**What you should do:**
Only the lines below starting at the one containing "A central media" and ending at the one containing "Chapter 23 The" belong in the answer, each copied exactly.

**Provided material:**
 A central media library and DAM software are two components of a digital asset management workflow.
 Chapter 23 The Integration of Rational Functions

...

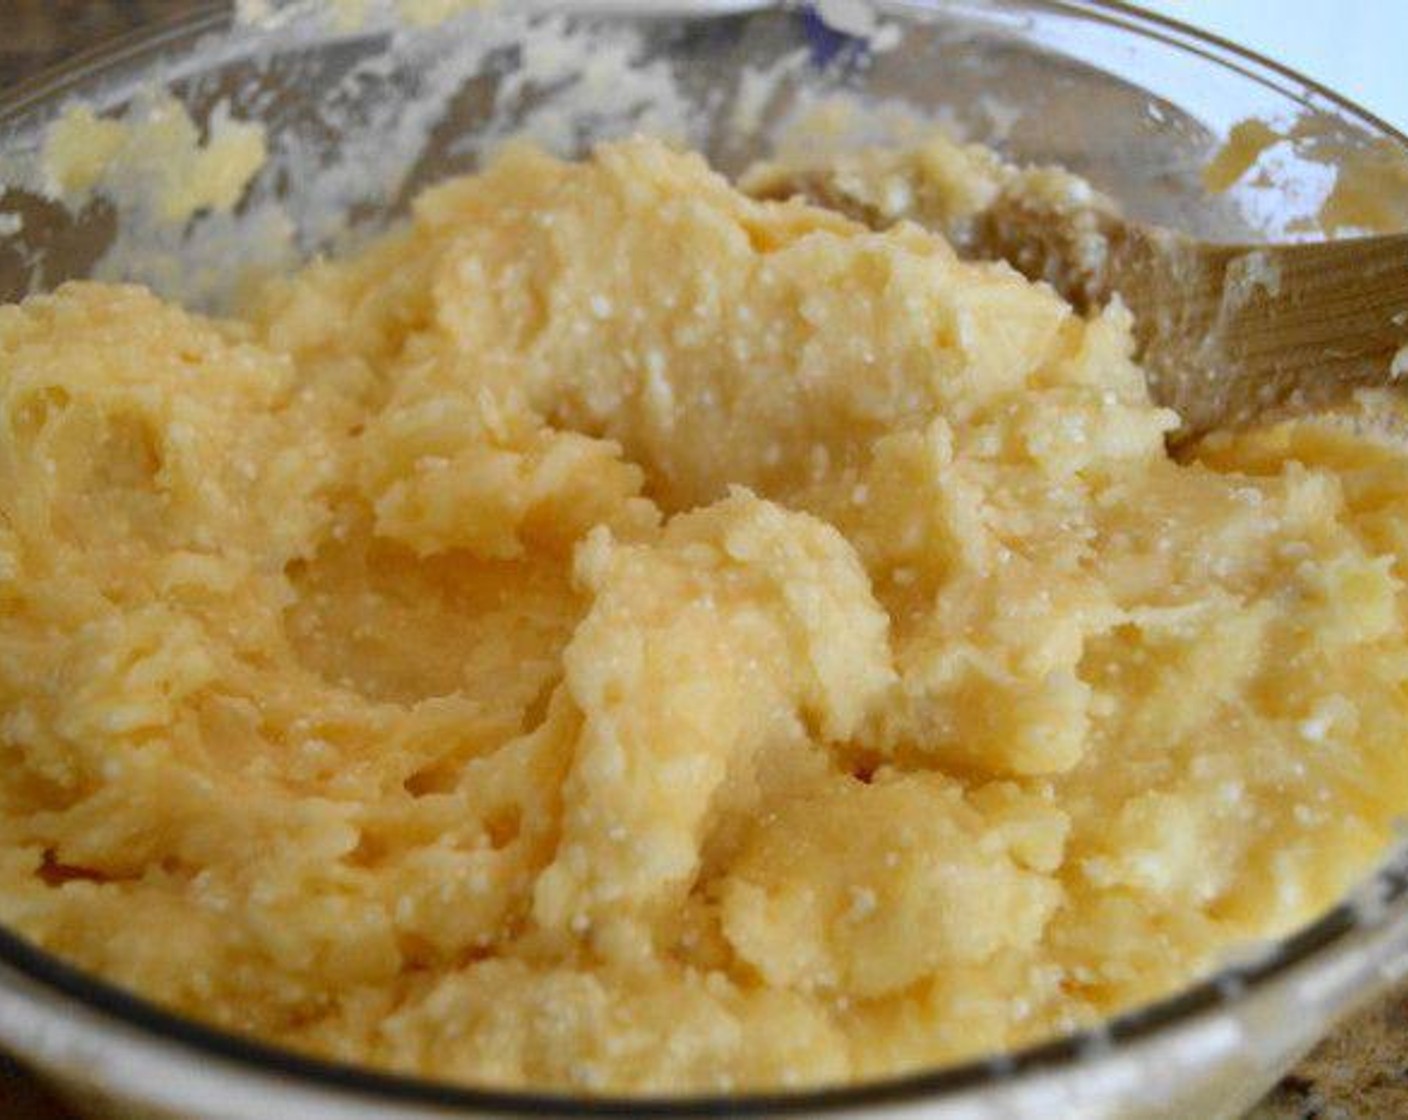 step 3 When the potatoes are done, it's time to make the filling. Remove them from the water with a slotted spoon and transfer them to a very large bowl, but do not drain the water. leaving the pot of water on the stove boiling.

**Task result:**
 A central media library and DAM software are two components of a digital asset management workflow.
 Chapter 23 The Integration of Rational Functions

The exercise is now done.